He caught up with Delph a little ways down the road.
"They don't need to ask me for money," Fiepet explained, "It's what they're owed for their service! They needn't have been so generous."
"You always think the best of people," sighed Delph, "I'm sure that giving you those shoes served their own agenda better than ours. No one goes to that extent just out of the goodness of their heart."
"Father did," said Fiepet, "Do you think he expected something in return..?"
"Father was a good man; but the number who exploited him for it far outweighed those who thanked him. People say they see him in me, but in all honesty, your personality's closer."
Fiepet slipped his feet out of the old man's shoes and nudged them over to exchange with Delph's.

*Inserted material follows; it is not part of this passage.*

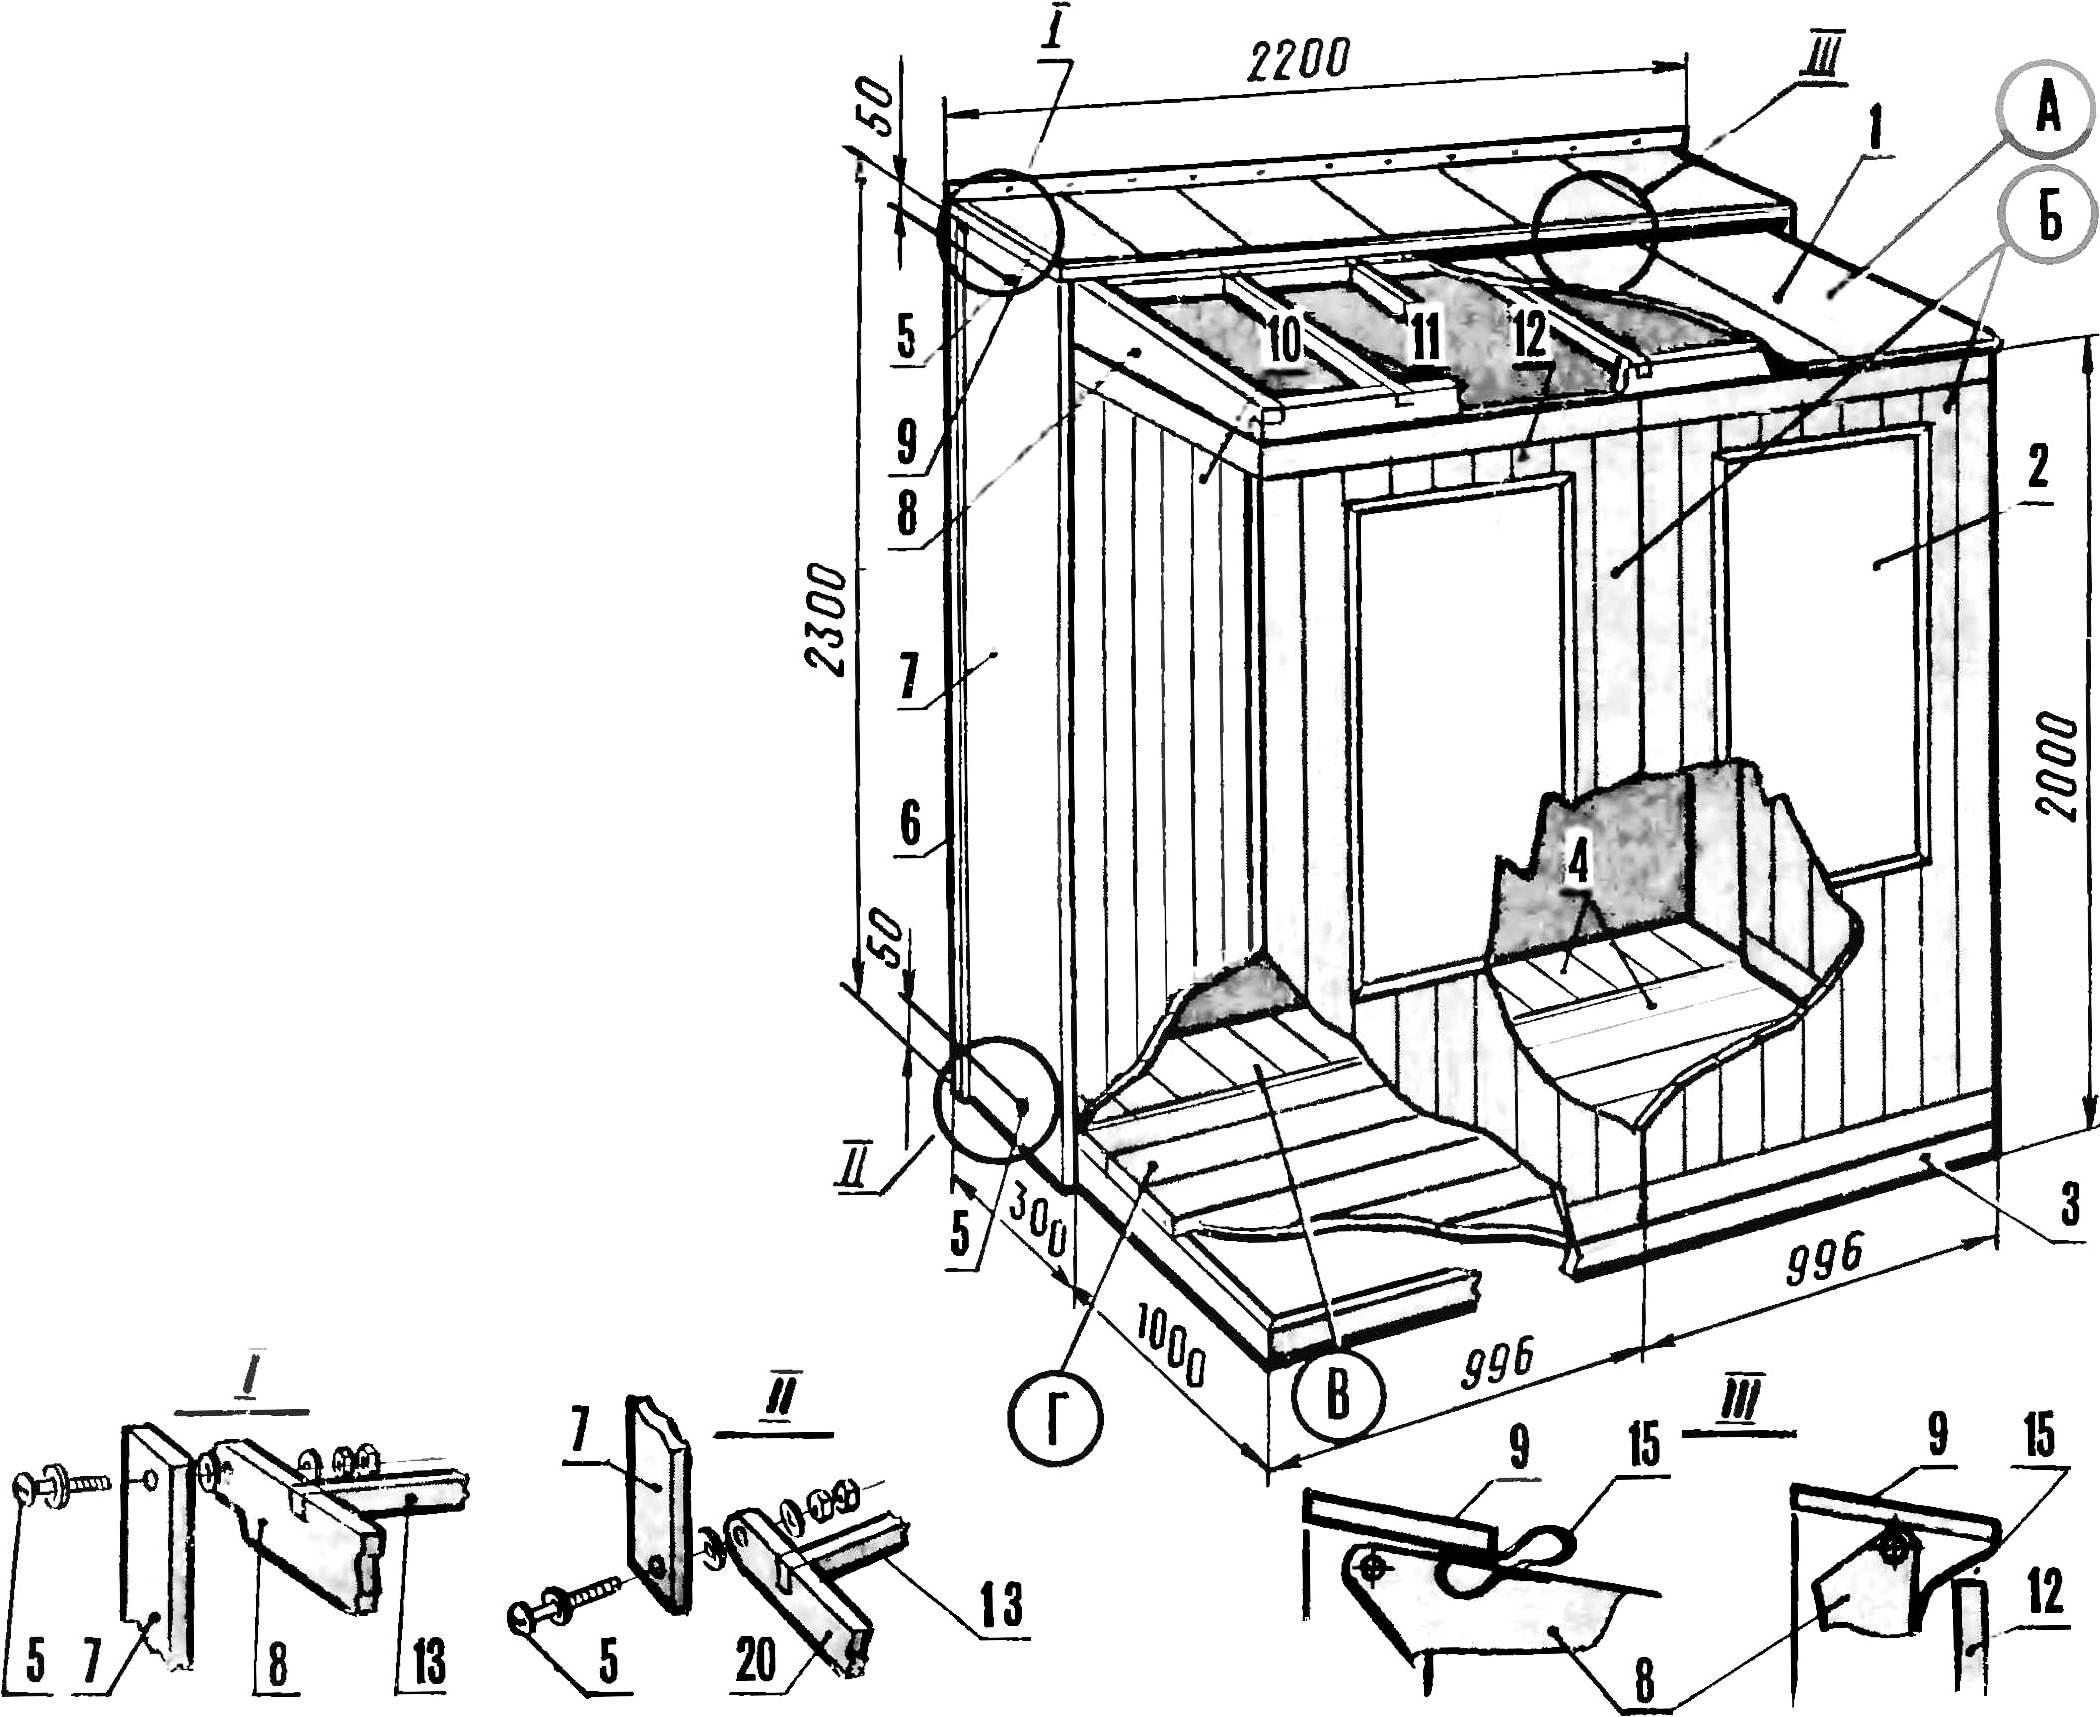 Foldable amenities building-Annex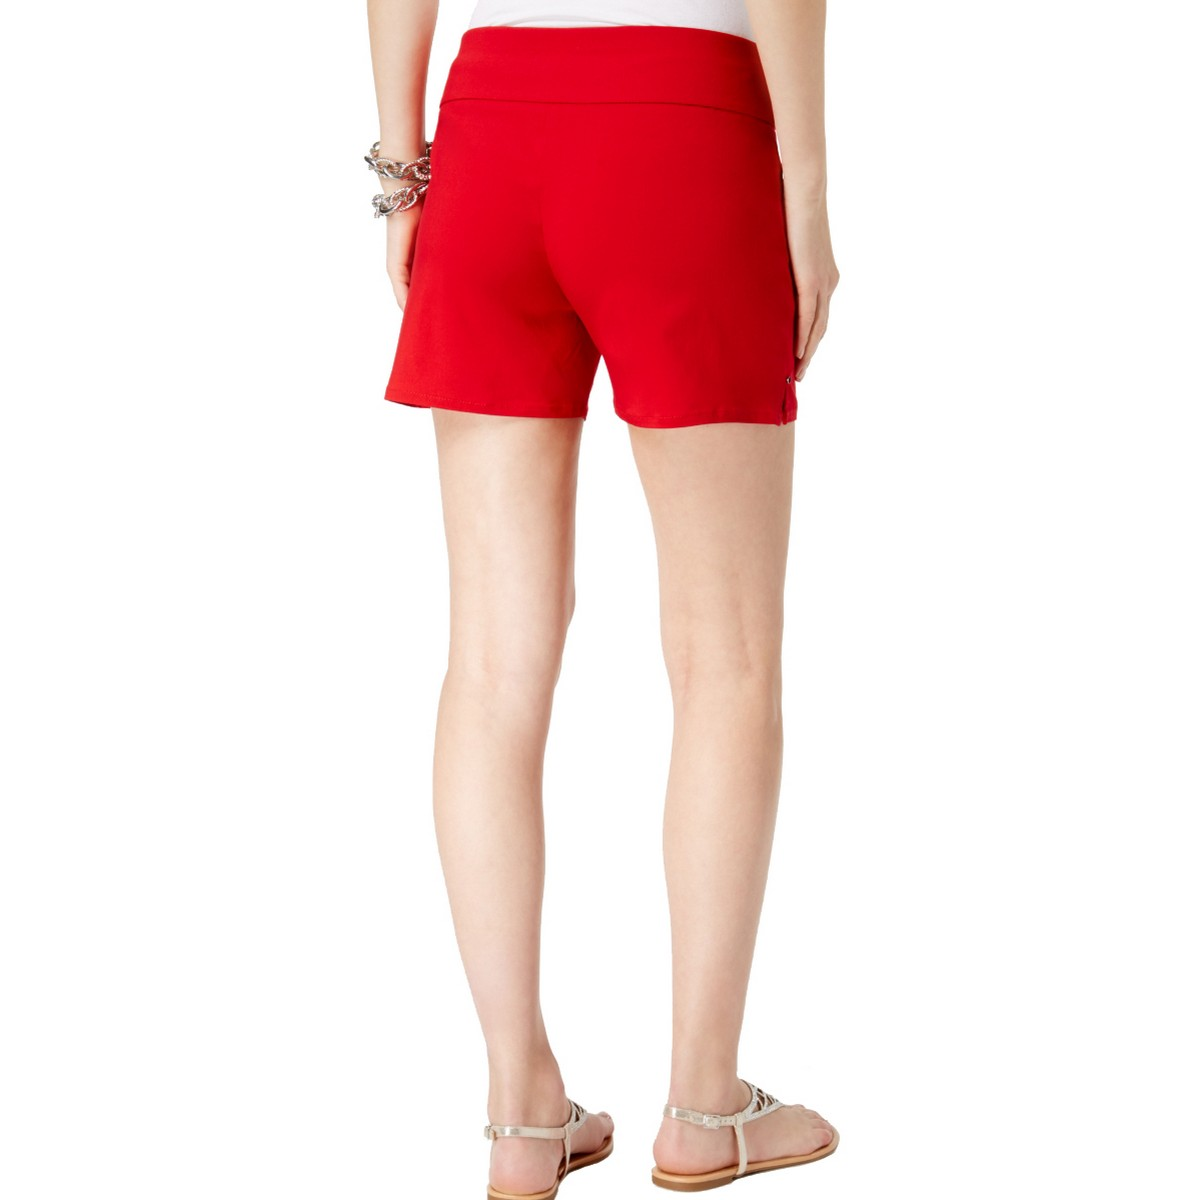 INC-NEW-Women-039-s-Pull-On-Curvy-Fit-Front-Pockets-Khaki-Chino-Shorts-TEDO thumbnail 8

His brother had squelched too long, and he worried of the damage done by a long walk in wet shoes. Delph didn't hesitate to swap.
"You see?" he said to Fiepet, "This is exactly what I mean. Once again you're taken advantage of, and you're left all the worse for it! Say, brother, back there in the forest, wasn't it all a little too strange?"
Having met the old man and his wife, Fiepet was thoroughly decided on the matter.
"The camp must have been his," he said, "Nothing strange about it. We got worked up over nothing but our own imaginations. Even though he's left us, father's tales have clearly remained in our thoughts."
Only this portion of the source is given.